== Segment start ==

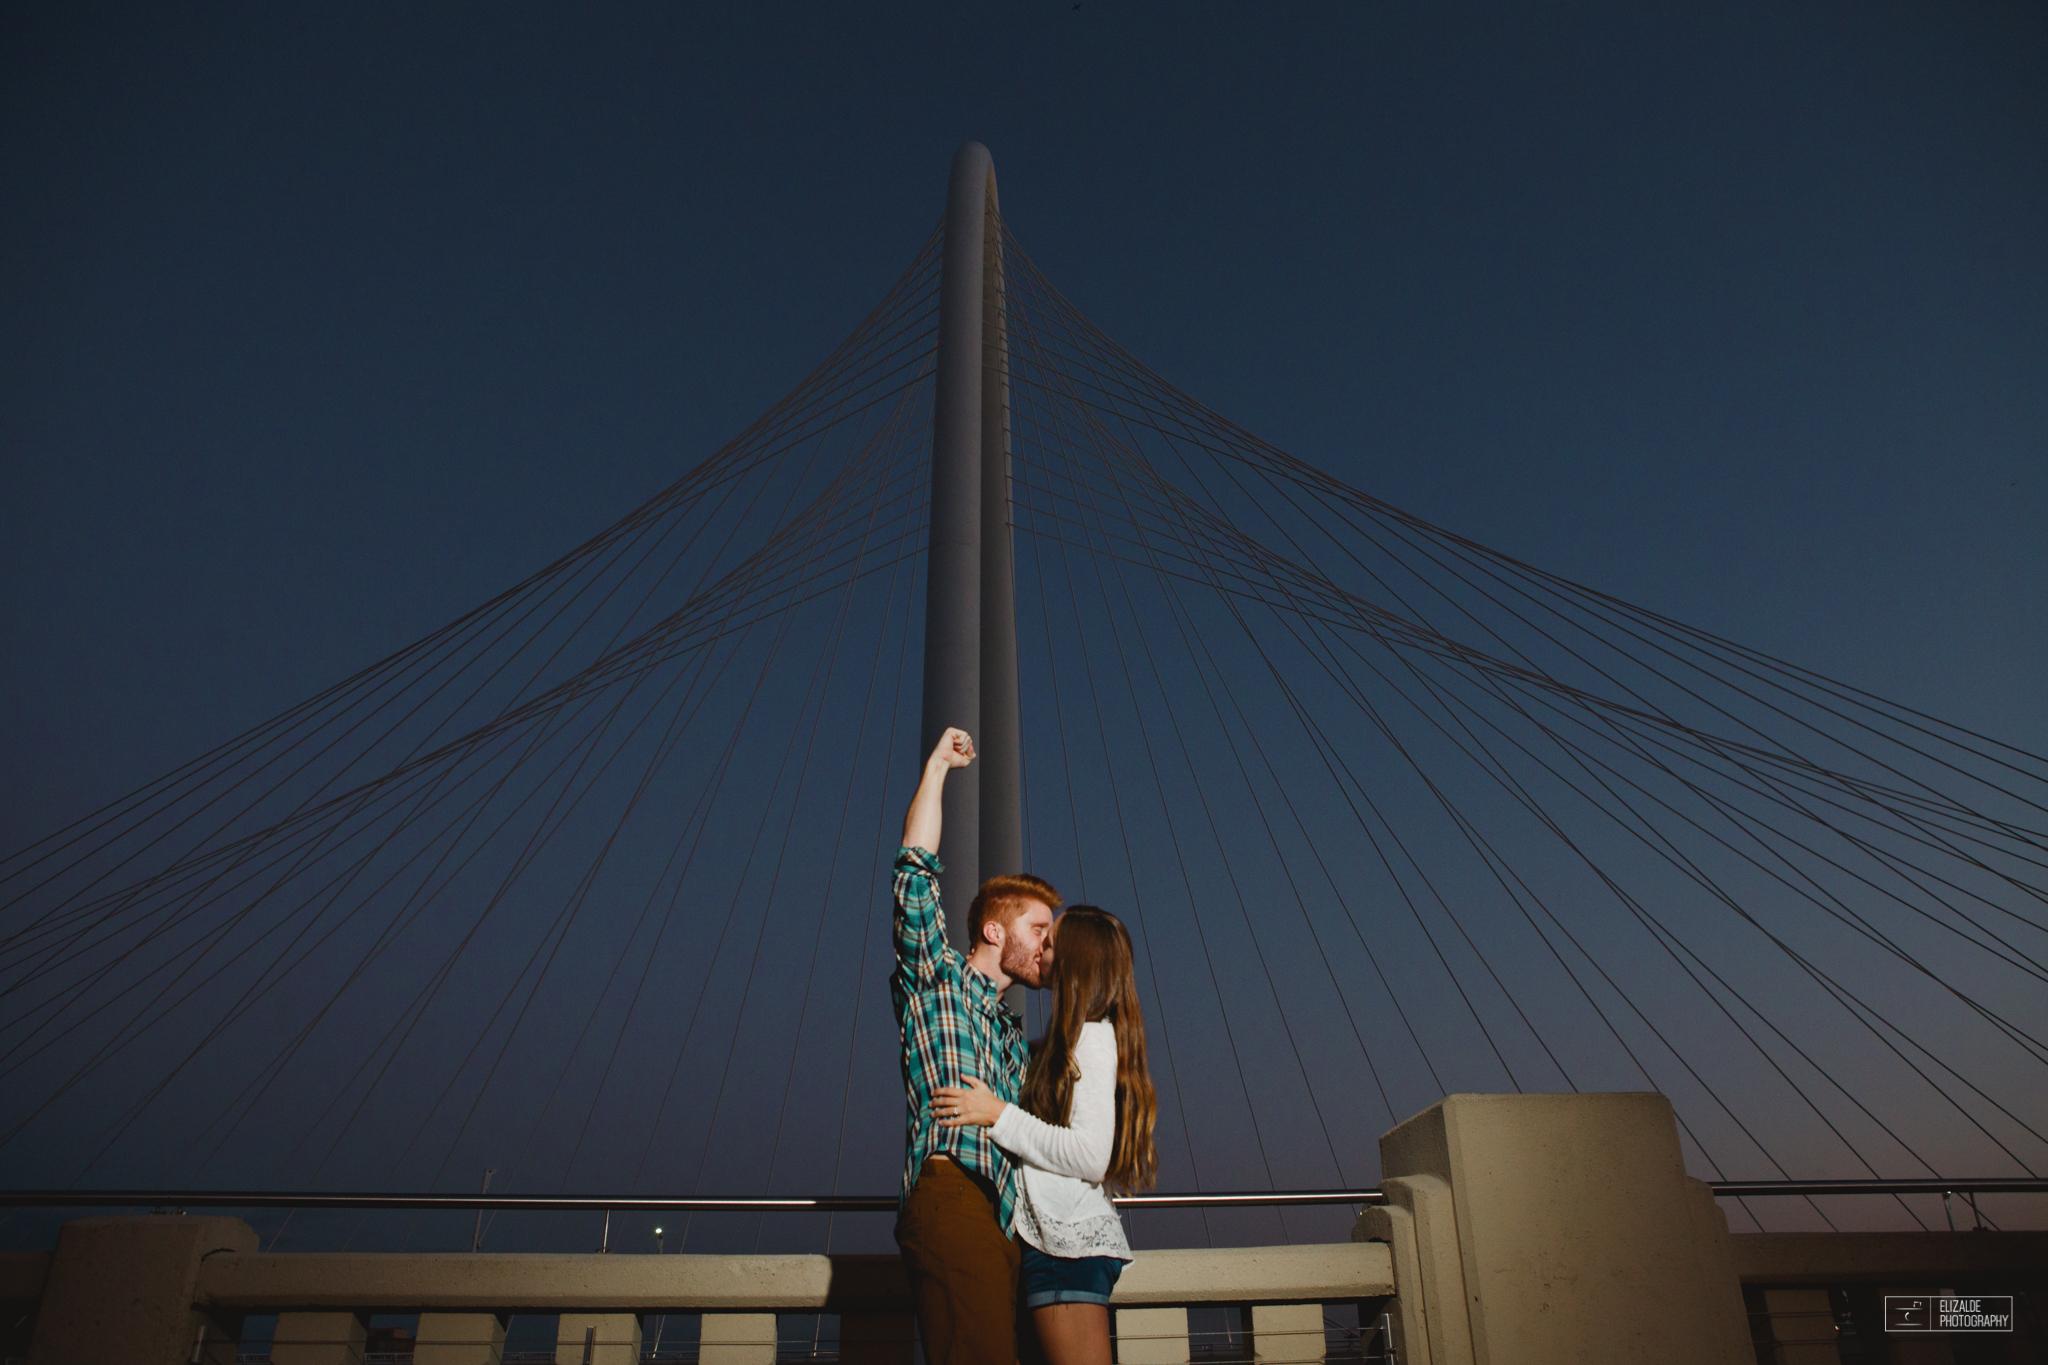 Proposal_DFW Wedding Photographer_Dallas Photographer_Elizalde Photography_margaret hunt hill bridge (18 of 21).jpg
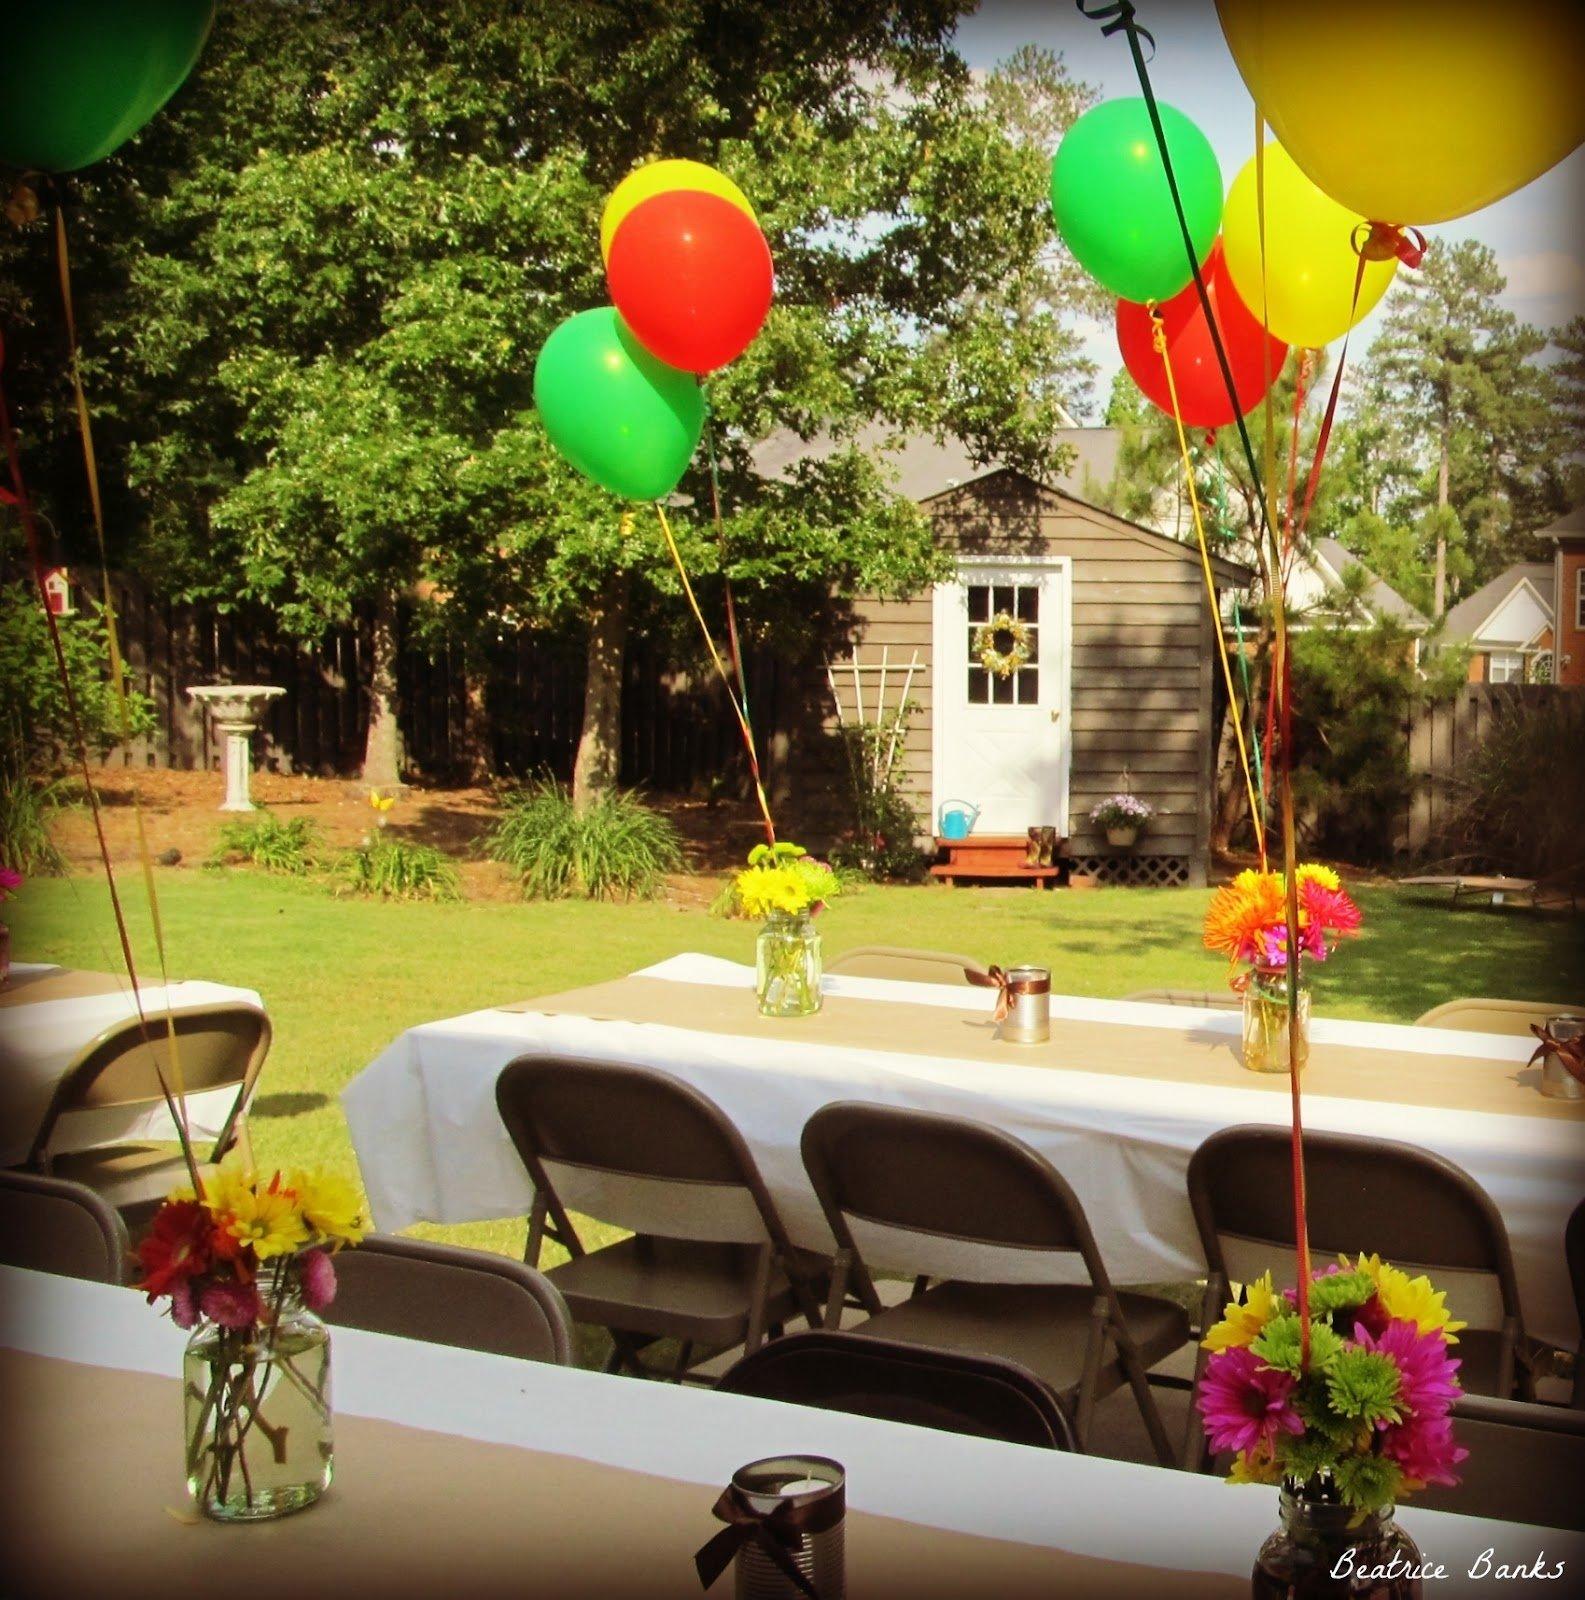 10 Lovable High School Graduation Open House Ideas backyard graduation party beatrice banks party time pinterest 1 2021
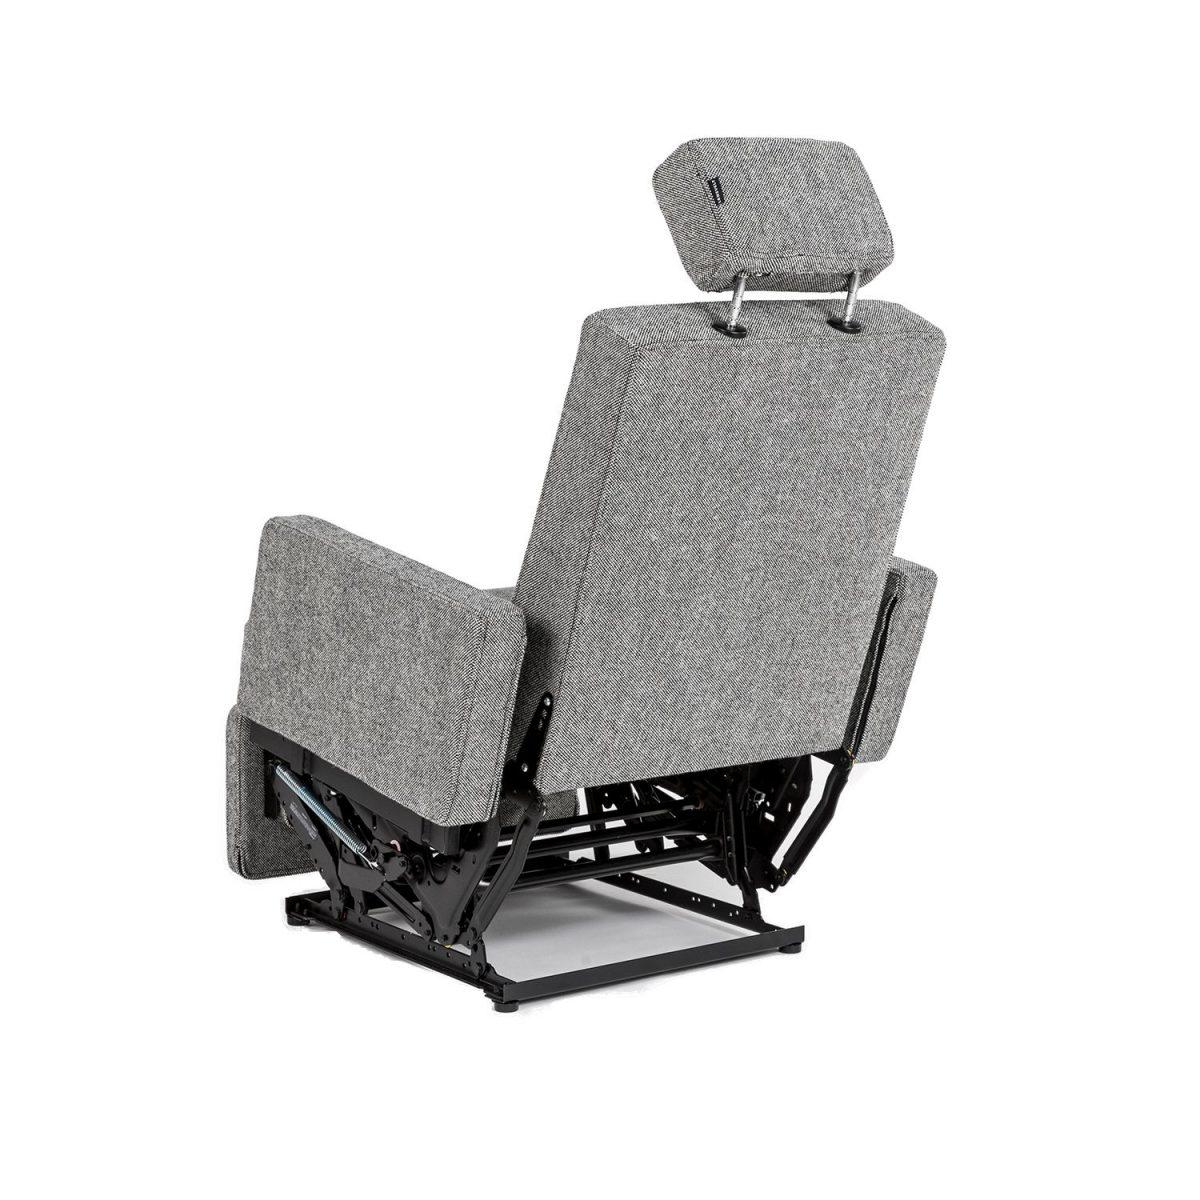 Lensvelt Atelier Van Lieshout Lazy Modernist Loungestoel Fauteuil Comfort Werkplek
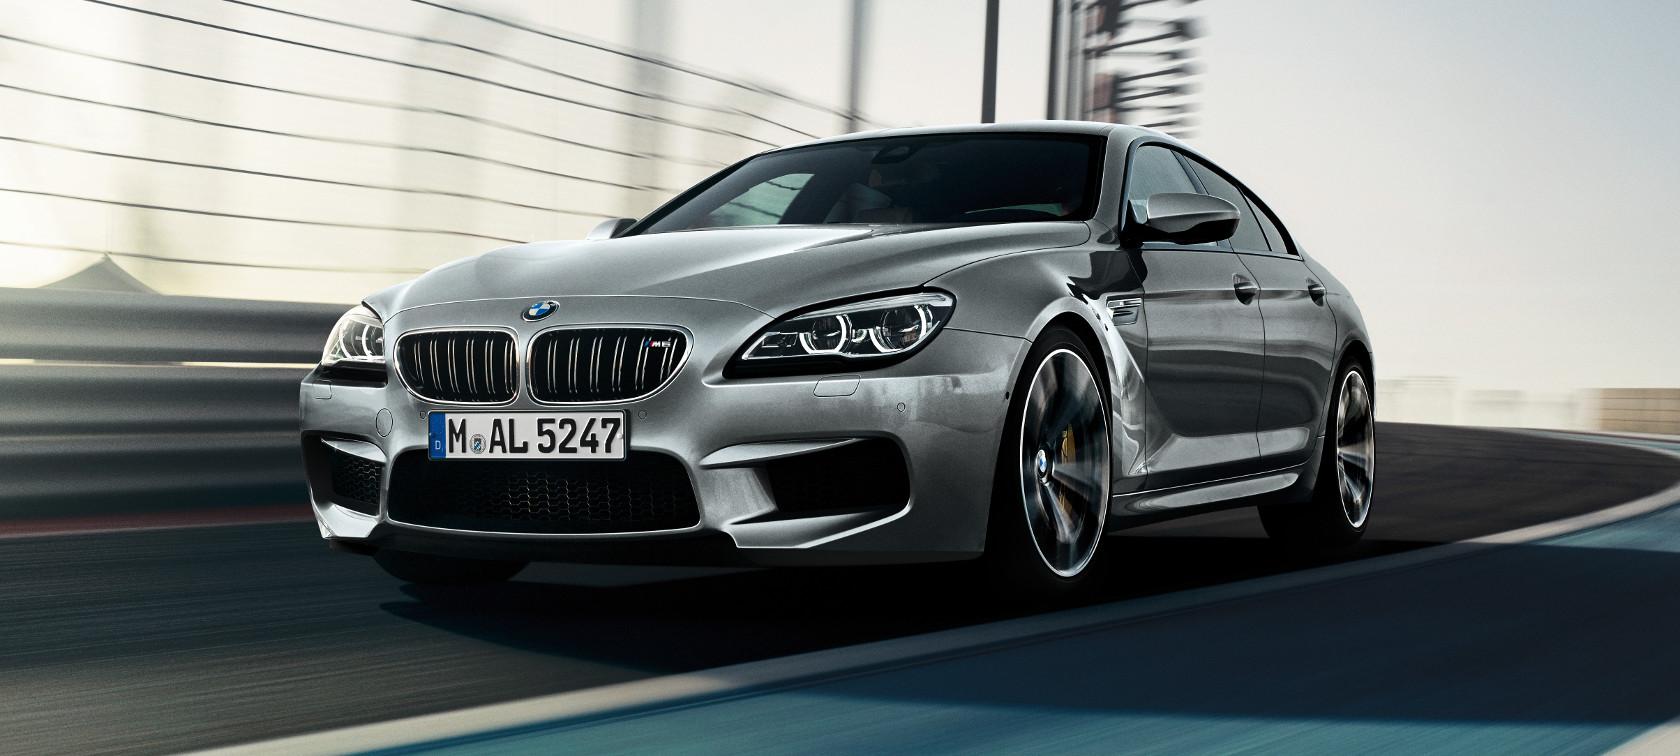 BMW M6 Gran Coupé : At a Glance

== Segment end ==

### EXERCISE
With the pictures left out, restate word for word every line of the data above, from the first down to the line that contains "10 Lovable High".

### RESPONSE AREA
 Proposal_DFW Wedding Photographer_Dallas Photographer_Elizalde Photography_margaret hunt hill bridge (18 of 21).jpg
 10 Lovable High School Graduation Open House Ideas backyard graduation party beatrice banks party time pinterest 1 2021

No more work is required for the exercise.